Revised electronic specifications effective date: Changes to the electronic reporting specifications are effective for cost reporting periods ending on or after January 31, 2018.
Internet Only Manual Update to Pub 100-04, Chapter 16, Section 40.8 - Date of Service Policy
On March 16, CMS published Medicare Claims Processing Transmittal 4000 regarding changes to the manual pursuant to the new date of service (DOS) policy for molecular pathology laboratory tests and advanced diagnostic laboratory tests as established by the 2018 OPPS final rule. These changes apply to Chapter 16, Section 40.8 of the manual.

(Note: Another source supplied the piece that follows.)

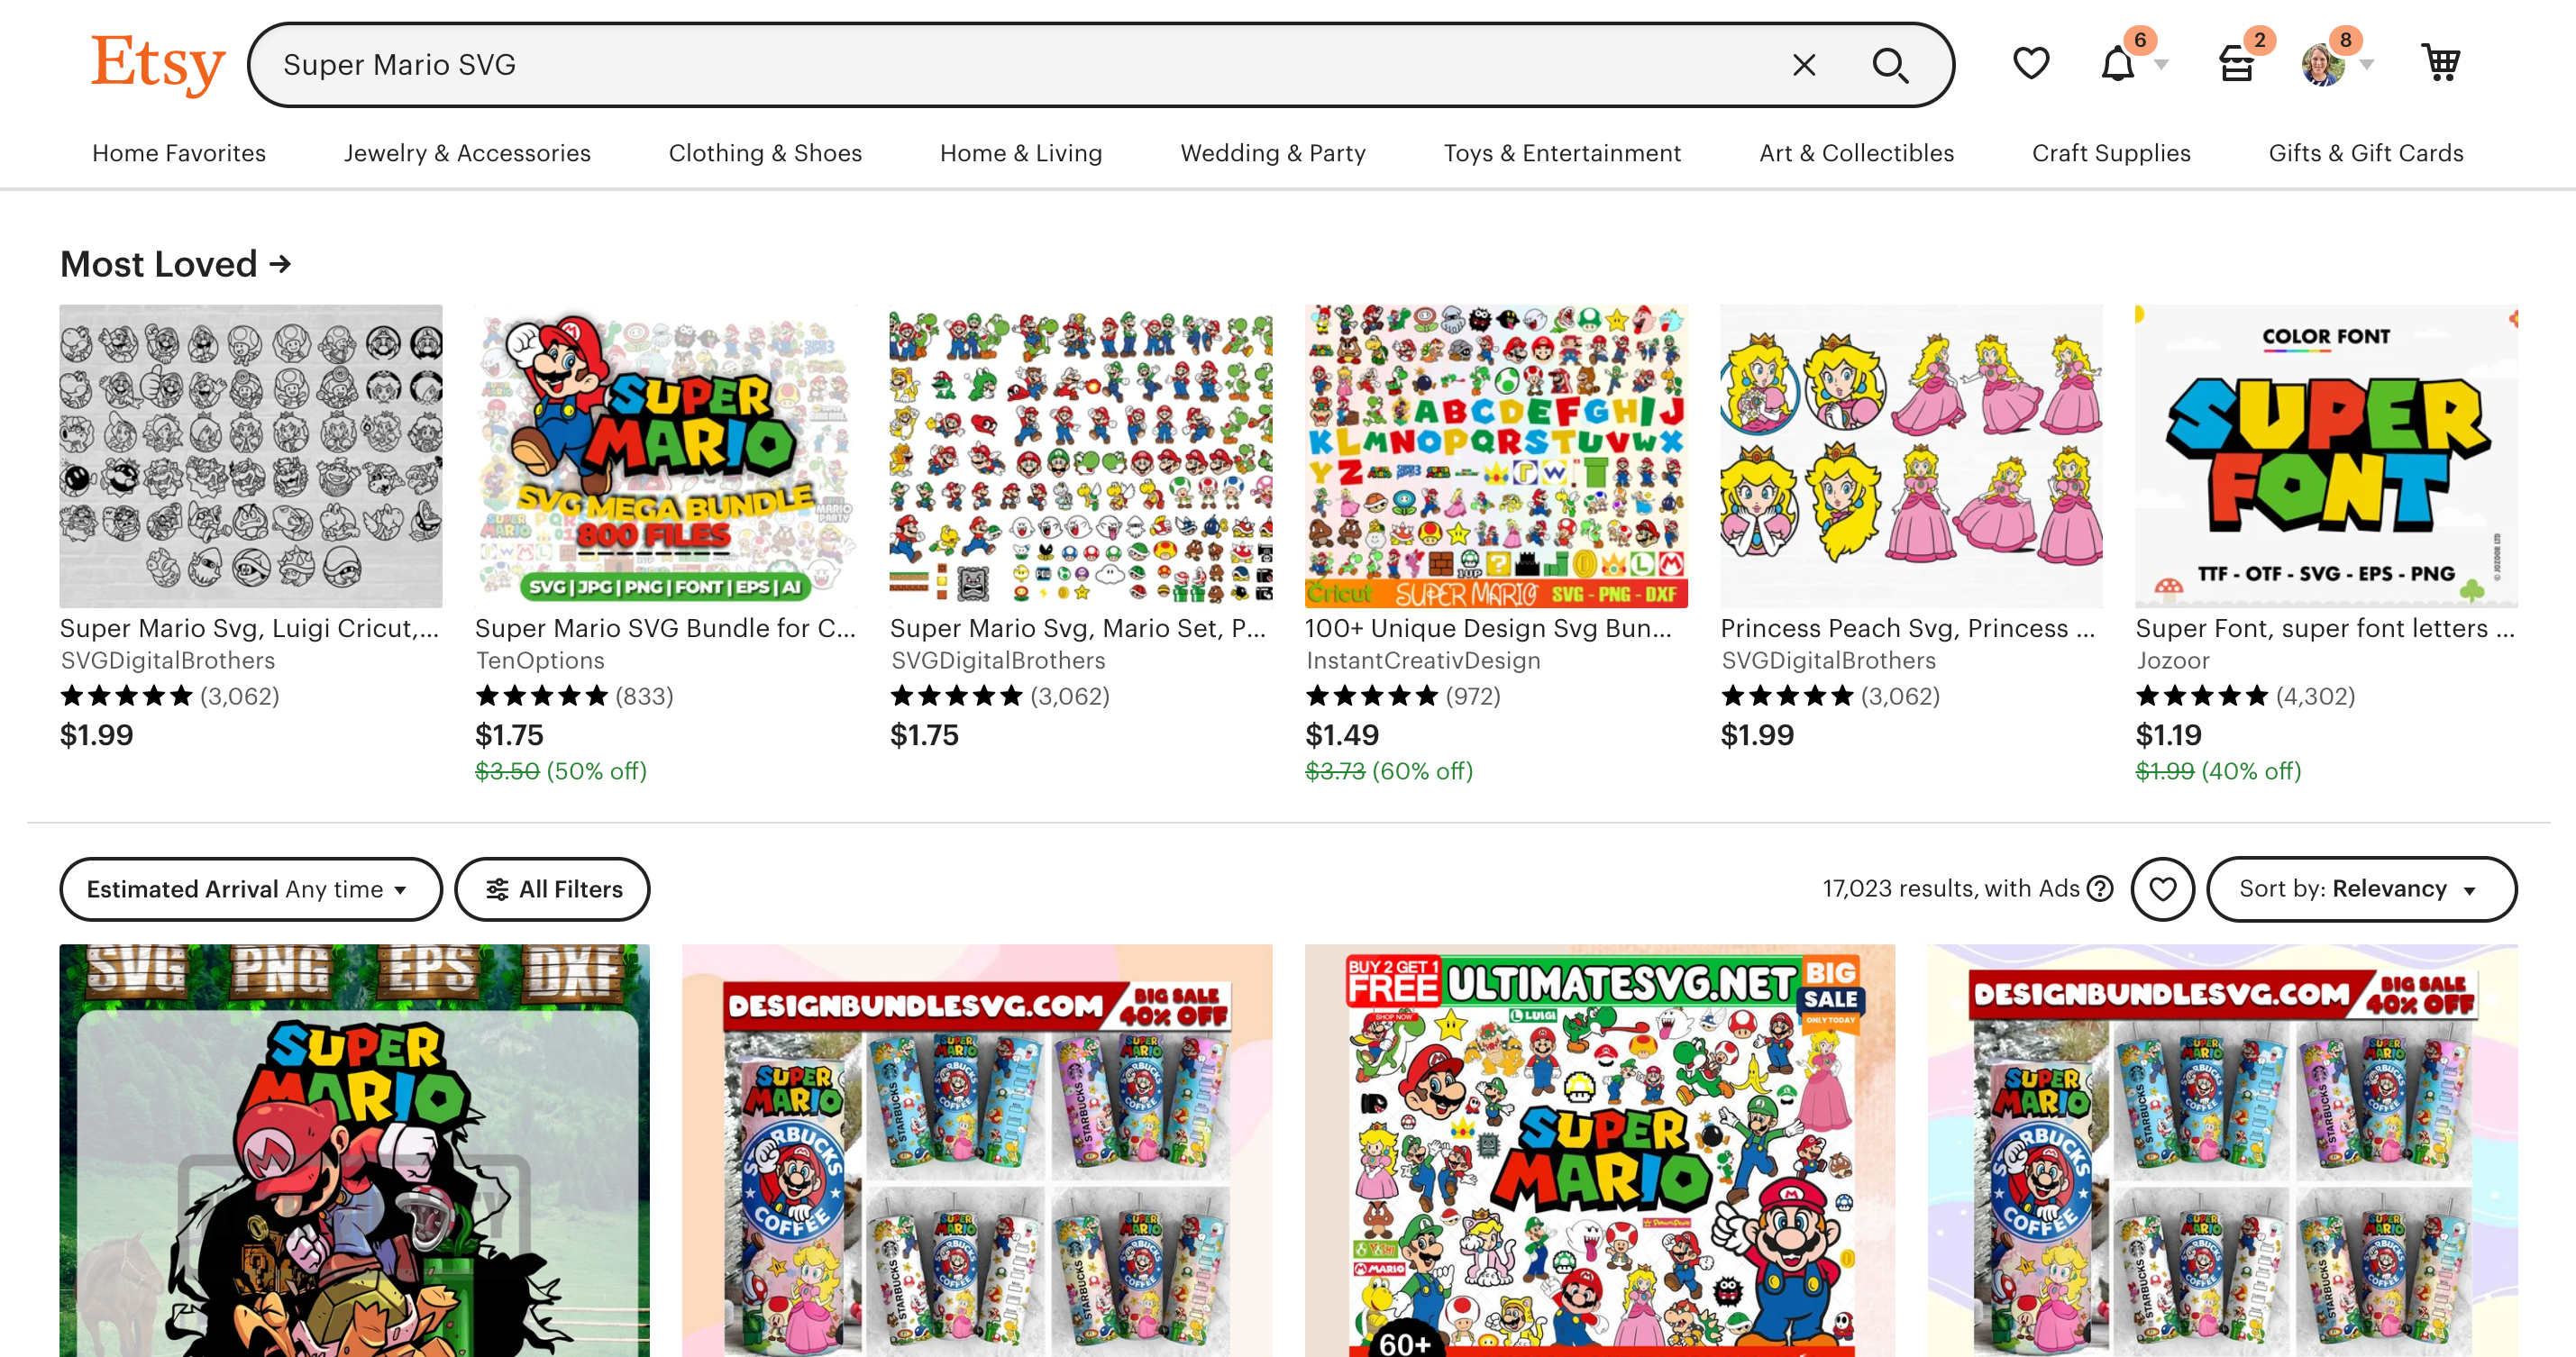 Screenshot of Etsy showing Super Mario SVGs for Sale - cuttingforbusiness.com.

Effective date: January 1, 2018
Implementation date: July 2, 2018
Final Decision Memo for Next Generation Sequencing (NGS) for Medicare Beneficiaries with Advanced Cancer
On March 16, CMS posted a Final Decision Memo regarding revisions to an NCD on NGS for Medicare beneficiaries with advanced cancer. CMS has finalized coverage of these diagnostic laboratory tests to help detect genetic mutations, which will assist patients and providers in making more informed treatment decisions. Coverage will include patients with recurrent, metastatic, relapsed, refractory, or stages III or IV cancer.
CMS issued a Press Release regarding the finalized NCD on the same date.